Danke schon Mal:vik:
Petri1


----------



## Danizan (25. November 2013)

*AW: Geberstange selber bauen*

Ich habe mir eine Geberstange selber gebaut. Gibt hier im Forum viele Denkanstöße!!! Bei mir wurde alles aus 2 Schraubzwingen und etwas Metall zurechtgeschweißt...


----------



## afbaumgartner (29. November 2013)

*AW: Geberstange selber bauen*

Hi Petri1, ich habe dieses Modell nicht, aber ich stand auch vor dem Problem, einen stabilen Geberhalter zu brauchen.
Nach meinen bisherigen Erfahrungen waren die Mankos eine zu geringe Öffnungsweite der Zwingen und bei seitlicher Anbringung das Drehmoment auf der Zwinge bei schnellerer Fahrt sowie die Druckpunkte der Zwingen, die an GFK-Booten beim Spannen oft ein ungutes Knirschen erzeugten.
Ich habe folgende Lösung gebaut:






Natürlich ist das am Ende teurer, als die gekauften Halter aus Paderborn, aber nach manueller Prüfung am GFK-Boot eines Freundes ultrastabil - mein Geber ist ein P66 von Airmar mit selbstgebauten Strömungskörper, mal echt ein Klotz.
Ein längeres Teil (500mm) gleicher Bauart ist dann mein Downrigger-Mount.
Die Drucküberträger halte ich bei der Befestigung auf Hohlkonstruktionen für essentiell.
Ich weiß, dass der Einsatz von Alu in Kombination mit Edelstahl im Salzwasser nicht optimal ist, aber ich habe keine große Metallwerkstatt.

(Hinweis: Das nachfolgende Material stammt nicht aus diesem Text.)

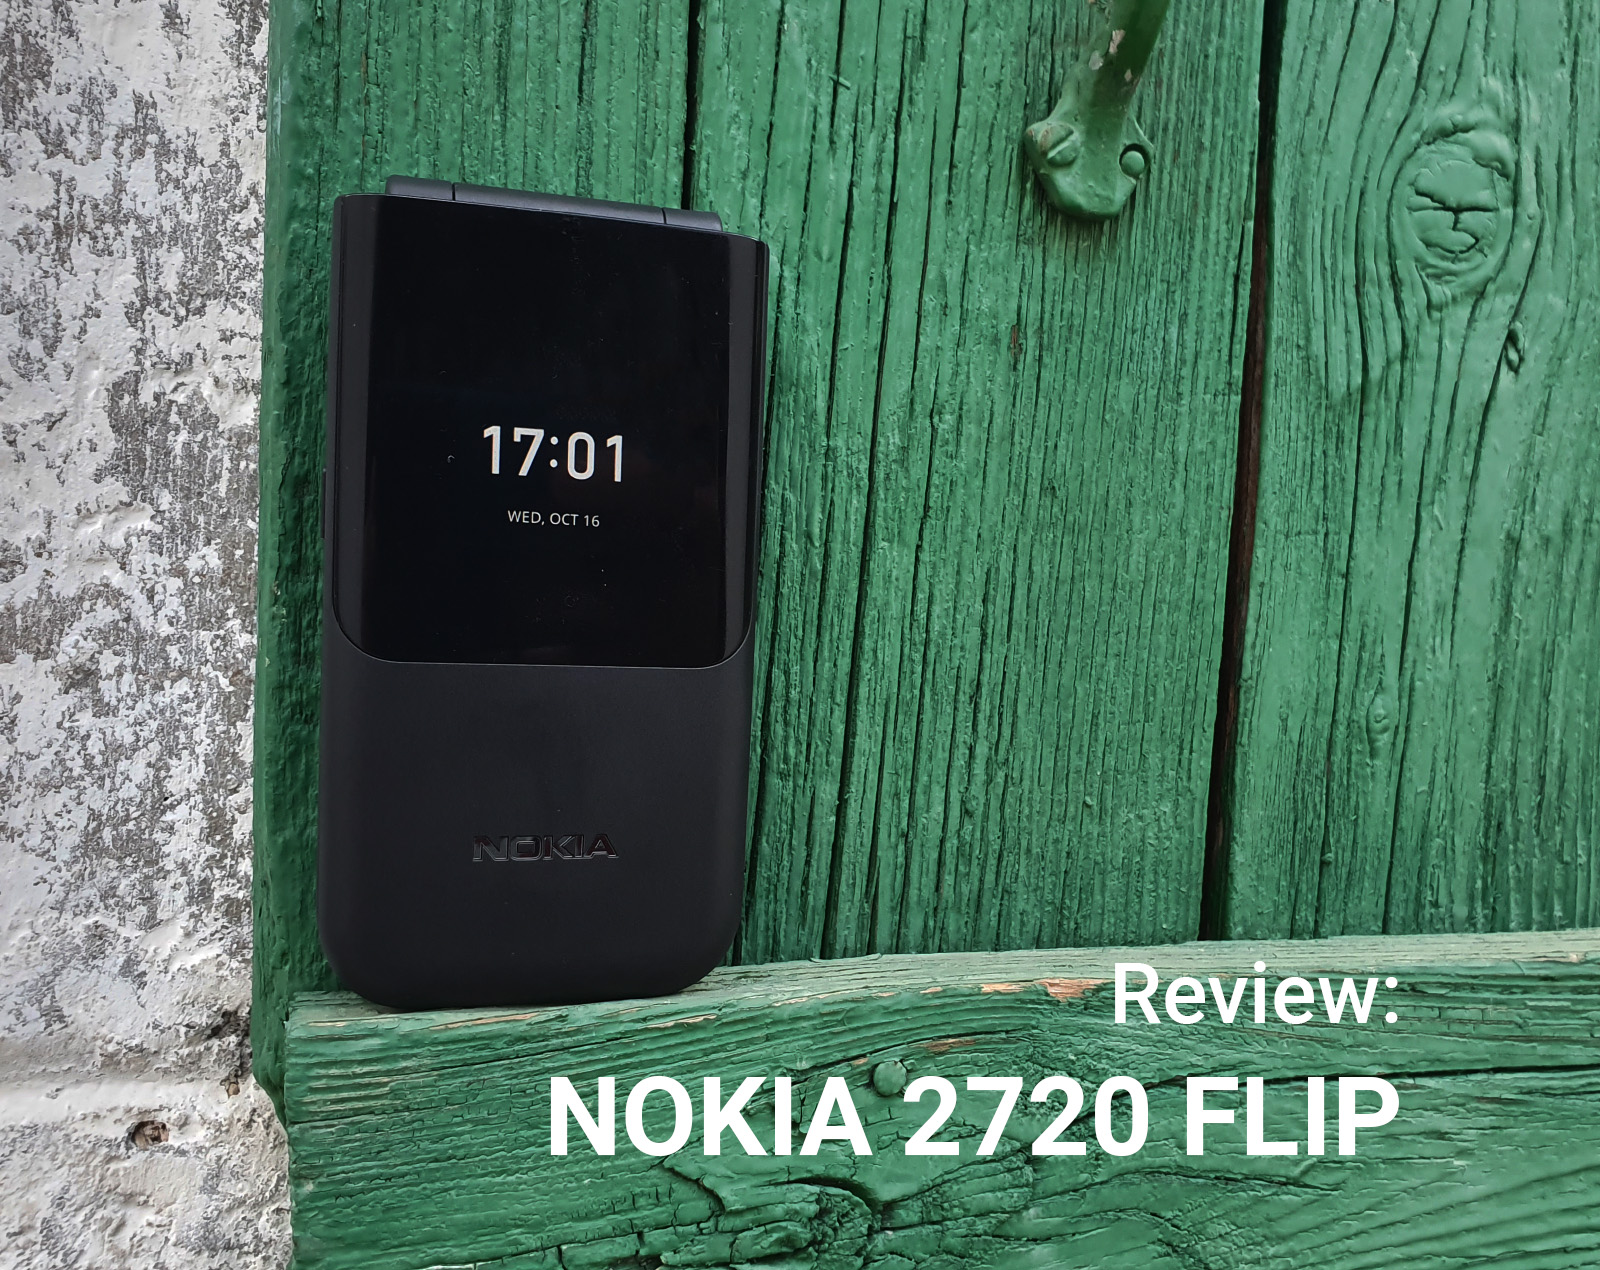 Review: Nokia 2720 Flip
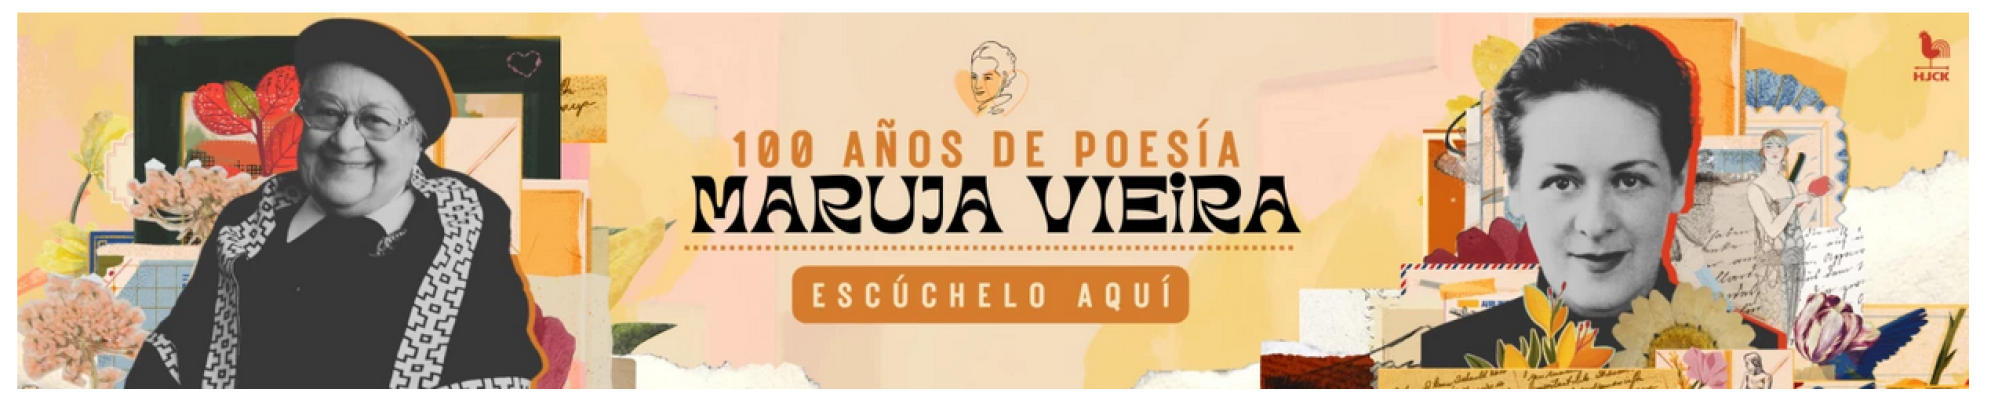 100 años de Maruja Vieira: "La poesía es la esencia del yo" - Programa 34 (2022) HJCK

Alu lässt sich halt schon gut bearbeiten.


----------



## Waldemar (29. November 2013)

*AW: Geberstange selber bauen*

schau doch mal bei echolotzentrum, die haben jetzt so ein teil drin. kannst du dir vielleicht was abgucken.


----------



## Danizan (2. Dezember 2013)

*AW: Geberstange selber bauen*

@afbaumgartner: Oje, dass sieht aber ganzschön schwer (dafür sicher stabil) aus...

Wen ich dazu komme, dann werde ich mal meine Halterung fotografieren. Generell bevorzuge ich keine seitliche Halterung, da man sich diese auch schnell mal abfahren kann  ;-(

Grüße


----------